MAIS POUR L’INSTANT L’ACTIVITÉ VOLCANIQUE DE LA RÉGION NE MONTRE AUCUNE RÉACTIVATION PARTICULIÈRE QUI PERMETTE D’AVOIR UN RÉVEIL VOLCANIQUE À COURT OU MOYEN TERME. À PLUS LONG TERME, RIEN N’EST MOINS SUR, BIEN ÉVIDEMENT.

Il s’agit donc de profiter de cette manne tant qu’il est encore temps, avec ce répit que nous avons sans que nous ne sachions pour combien de temps.

Cette activité industrielle, PROPRE, dans le Sud Basse-Terre répond aussi à plusieurs problématiques:

  • La décentralisation des moyens de production d’électricité en dehors de Jarry, directement menacé par les aléas sismiques, cycloniques et INDUSTRIELS. Il s’agit bien sûr d’avoir d’autres lieux et moyens de productions propres en plus de notre géothermie volcanique. 
     
  • La baisse drastique des pollutions produites par la fabrication d’électricité à base de matières d’origines fossiles (fioul lourd, charbon,…). 
     
  • La diminution de l’importation de ces matières fossiles pour un début de rééquilibrage de notre balance commerciale. 
     
  • Une solution pour contribuer au réveil du Sud Basse-Terre, de la Côte Sous le Vent, et désengorger un peu Jarry.
     
  • Et puis, sur un autre point de vue, scientifique celui là : une instrumentation de ces forages permettrait de mieux connaître ce contexte hydrothermal du Massif de la Soufrière, en collaboration avec les chercheurs.
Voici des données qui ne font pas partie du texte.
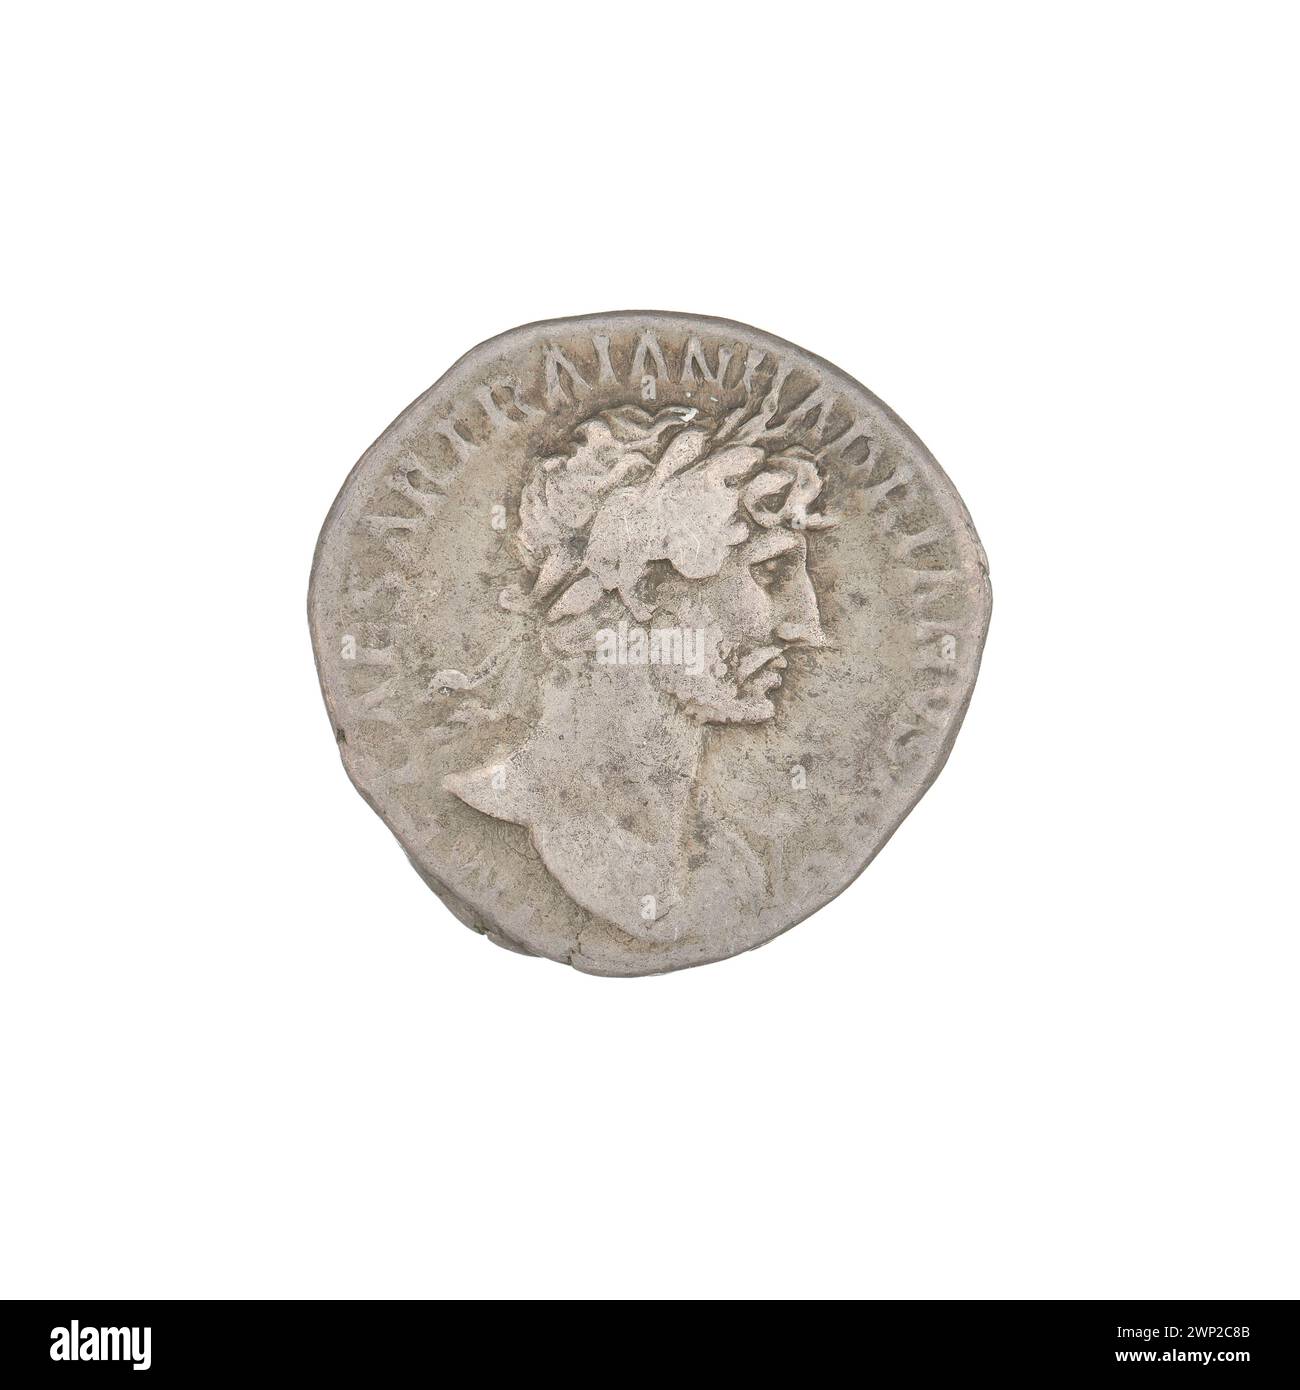 denarius; Hadrian (76-138; Roman emperor 117-138); 118 (118-00-00-118-00-00);Salus (Personification), Patery, Busters, Bay Wreaths Stock Photo
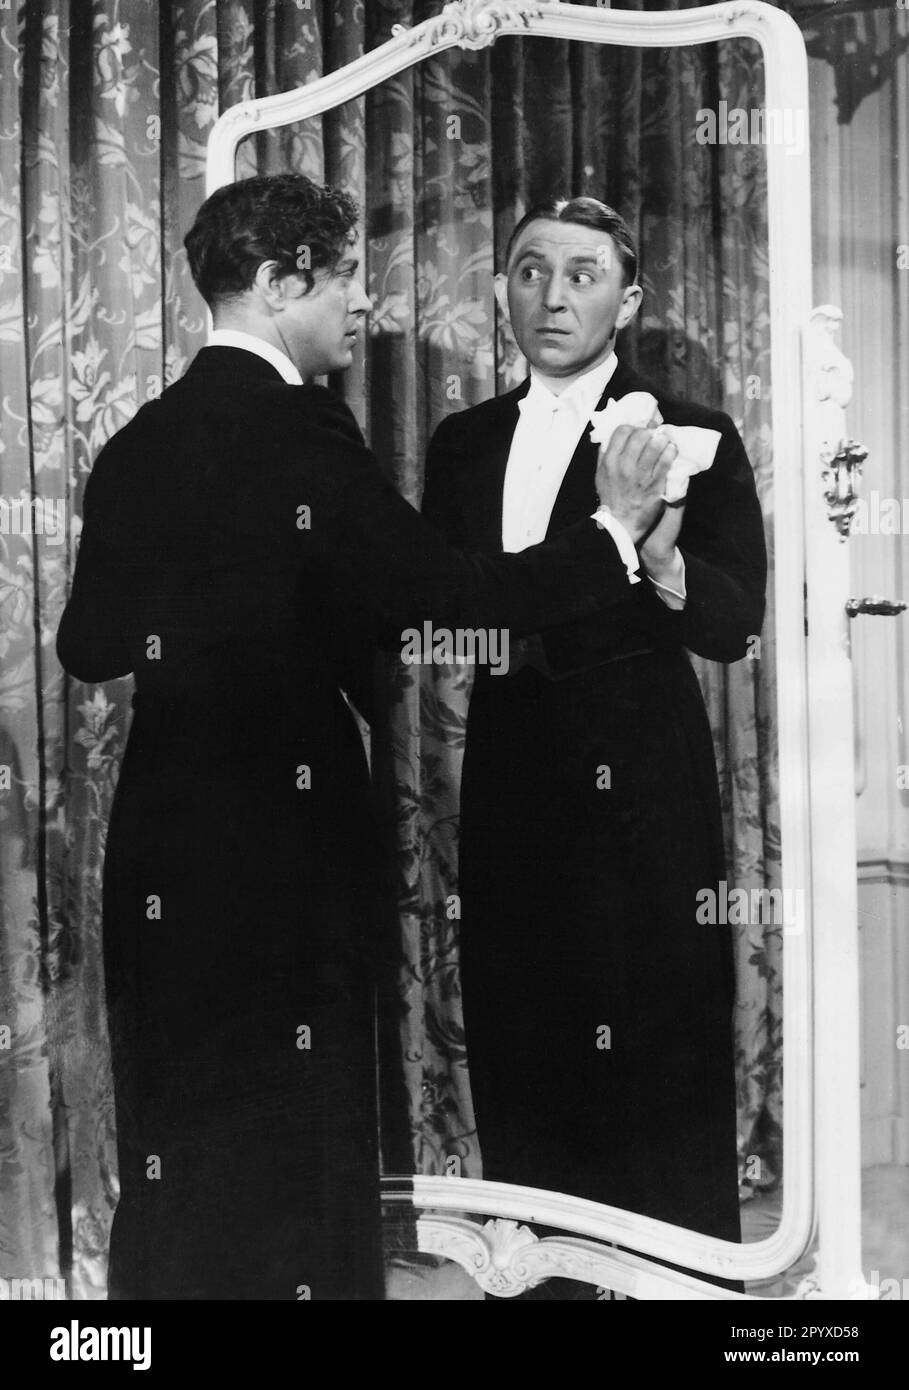 Theo Lingen (à droite) comme maître d'hôtel dans le film "les années de malchance" veut empêcher son maître, Wolf Albach-Retty (à gauche), de remarquer qu'un autre miroir a été brisé. [traduction automatique] Banque D'Images

On a donc tout à y gagner.

 

Je crois là qu’il ne faut pas hésiter à profiter de tous les avantages que nous procurent, en particulier, notre jeune région volcanique pour le développement du Sud Basse-Terre, au moment ou tout le monde se plaint de désertification, et il n’y a pas que le Sud Basse-Terre, favorisant la région Pointoise. Outre l’aspect touristique, paysagiste, nature, randonnée, … le Massif volcanique nous apporte des richesses naturelles évidentes mais insoupçonnées comme le thermalisme que l’on a perdu, mais qu’il faut restaurer, la production d’énergie, d’agrégats et matériaux de construction, l’eau, vitale pour les populations,….

L’avenir de la Guadeloupe passe, en priorité, par une indépendance alimentaire et énergétique car nous sommes une toute petite île BEAUCOUP TROP TRIBUTAIRE d’importations qui peuvent très facilement et très rapidement cesser (terrorisme, conflits, catastrophes naturelles,…).

Nous avons donc besoin d’agriculteurs, d’agronomes, d’ingénieurs, d’industriels,… venant investir sur notre île. Certes, la priorité est pour beaucoup le gain d’argent, mais pourquoi pas, à condition qu’il nous serve et nous rapporte sur tous les plans. Il n’est pas question de devenir éco-terroriste, car toute activité humaine génère des contraintes, mais nous devons profiter au maximum de notre nature tout en la protégeant et la géothermie reste l’un de nos atouts majeurs pour cela.